Retaliation against cyber attacks would be lawful under international law, the attorney general said today in a speech warning ‘hostile actors’ against 'covert cyber intruders'. Jeremy Wright QC MP also set out a legal basis for the UK's 'National Offensive Cyber Programme' set up by the Ministry of Defence and GCHQ.  

Addressing an event at Chatham House, Wright said that as far back as 2015 a UN expert group - 'including not just the UK and the US but also Russia and China' - recognised that the UN Charter applies to cyberspace. This 'affirmed the relevance of a state’s inherent right to act in self-defence in response to a cyber operation meeting the threshold of an armed attack', he said. 

Jeremy Wright

Jeremy Wright QC MP

Examples of attacks meeting that threshold include interference with the operation of a nuclear reactor or to disable air traffic control systems with resulting loss of life, he said. 'Acts like the targeting of essential medical services are no less prohibited interventions ... when they are committed by cyber means.'

Wright set out three rules of the UN Charter governing cyber warfare, on top of customary international law: 

- Article 2(4), prohibiting the threat or use of force against the territorial independence or political integrity of any state.

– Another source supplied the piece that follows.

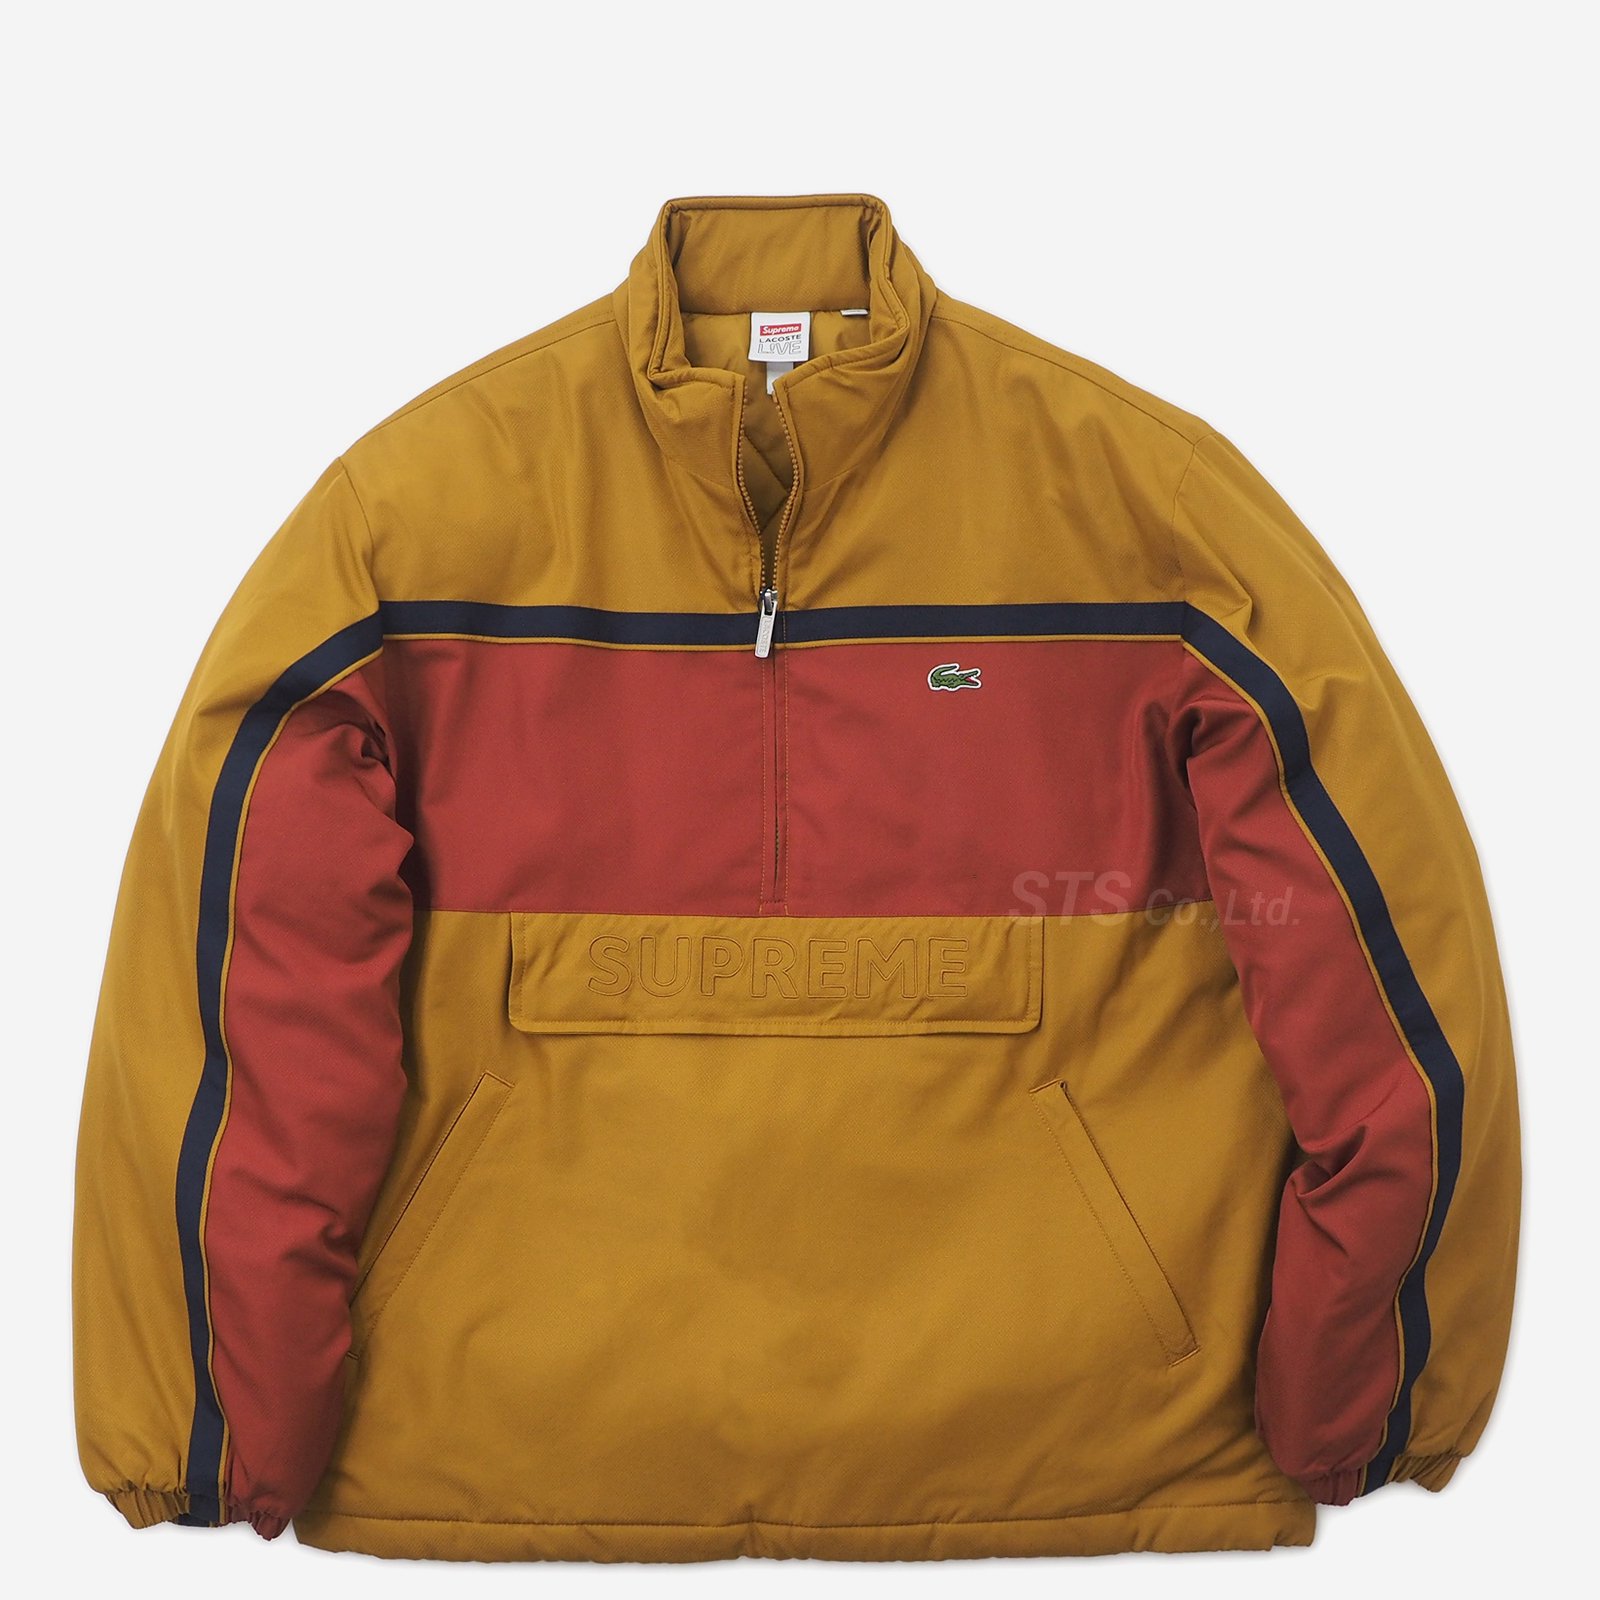 Supreme/LACOSTE Puffy Half Zip Pullover - ParkSIDER

- Article 2(7), prohibiting interventions in the domestic affairs of states. 'This prohibition means that any activity in cyberspace which reaches the level of such an intervention is unlawful.'

- Article 51, recognising that cyber operations resulting in, or presenting an imminent threat of, death and destruction on an equivalent scale to an armed attack give rise to an inherent right to take action in self-defence.

Wright denied that building a 'sovereign offensive cyber capability' destabilises or weaponises cyber space. There is an obligation on each state to ensure use and development are carried out in accordance with international law, he said.